4. The formulation of claim 1 wherein the formulation comprises an additive selected from the group consisting of an anti-oxidant, pigment, volatility suppressant, humectant and anti-microbial agent.

5. The formulation of claim 1 wherein the rubber crumb carrier comprises 1-35% carbon black.

6. The formulation of claim 1 wherein the diameter of the rubber crumb particle size falls within the range 0.01-2.00 mm.

7. The formulation of claim 1 wherein the rubber crumb carrier comprises 0.01-50% semiochemical(s) by weight of the formulation.

8. The formulation of claim 7 wherein the rubber crumb carrier comprises 0.5-50% semiochemical(s) by weight of the formulation.

9. The formulation of claim 1 wherein the amount of semiochemical(s) in the final formulation is 0.001-20% by weight.

10. The formulation of claim 1 wherein the water or aqueous medium comprises 0.1-5% thickener by weight for the formulation.

11. The formulation of claim 1 wherein the amount of rubber crumb and semiochemical(s) in the water or aqueous medium is 0.02-50% by weight of the formulation.

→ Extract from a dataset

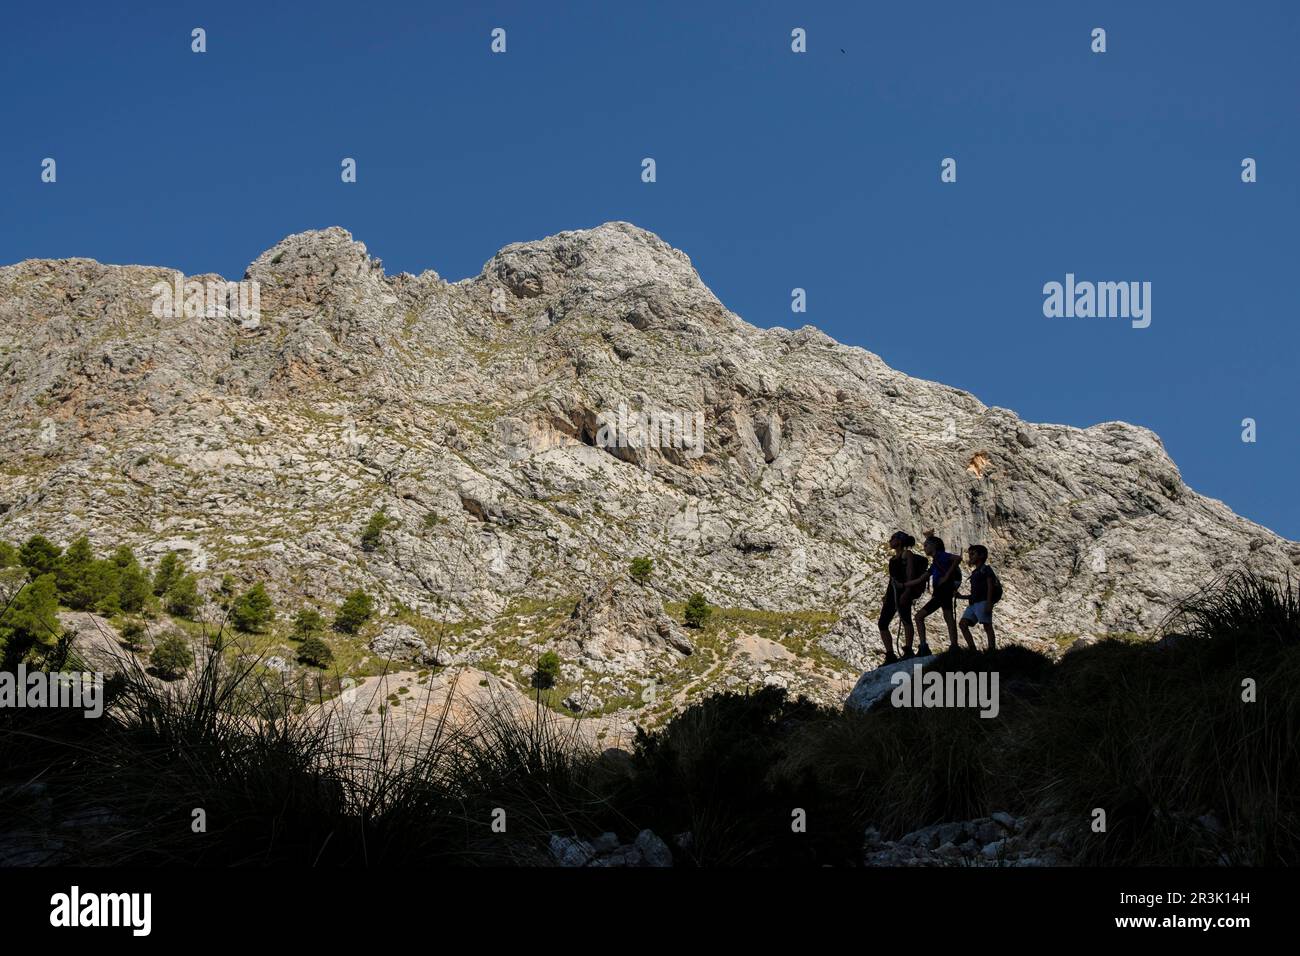 silueta de escursionistas en Coma de n'Arbona, Penyal des Migdia, 1401 metros, término municipal de Fornalutx, paraje natural de la Sierra de Tramuntana, Mallorca, balearic islands, Spain. Stock Photo

12. The formulation of claim 1 when used for the protection of crops, fruit, trees and plants.

13. The formulation of claim 1 when used for the control of arthropod pests.

14. The formulation of claim 1 when used for the control of flying insect pests such as moths, mosquitoes, flies, beetles and wasps.

15. The formulation of claim 1 when used for the protection of livestock and pets.

16. The formulation of claim 1 when used for the control of pests, such as cockroaches, ants, fleas, bedbugs and silverfish.

17. A method of preparing a formulation for controlling arthropod pests, said method including the steps of (i) admixing a carrier which includes rubber crumb with one or a plurality of hydrophobic or non-polar semiochemicals for a period of time sufficient for the rubber crumb to absorb the semiochemical, wherein the semiochemical(s) is substantially dispersed throughout the rubber crumb; and (ii) combining the rubber crumb mixture of step (i) with water or an aqueous medium as well as a thickener.

18. A method as claimed in claim 17 wherein in step (ii) the thickener is incorporated with the water or aqueous medium.

19. The method of claim 17 wherein the method includes the steps of adding one or more additives selected from the group consisting of a toxicant or insecticide, feeding stimulant or bait, pigment, volatility suppressant, humectant, anti-microbial agent and anti-oxidant.

20. The method of claim 19 wherein the toxicant or insecticide, feeding stimulant or bait, pigment, anti-microbial agent and humectant are admixed with the aqueous medium before the rubber crumb mixture is added in step (ii).

21. The method of claim 19 wherein the anti-oxidant and volatility suppressant is admixed with a semiochemical(s) before the semiochemical(s) is admixed with the carrier in step (i).

22. The formulation of claim 2 wherein the formulation comprises an additive which is an insecticide or toxicant.

23. The formulation of claim 2 wherein the amount of rubber crumb and semiochemical(s) in the water or aqueous medium is 0.02-50% by weight of the formulation.

24. The formulation of claim 3 wherein the amount of rubber crumb and semiochemical(s) in the water or aqueous medium is 0.02-50% by weight of the formulation.

25. The formulation of claim 4 wherein the amount of rubber crumb and semiochemical(s) in the water or aqueous medium is 0.02-50% by weight of the formulation.

26. The formulation of claim 22 wherein the amount of rubber crumb and semiochemical(s) in the water or aqueous medium is 0.02-50% by weight of the formulation.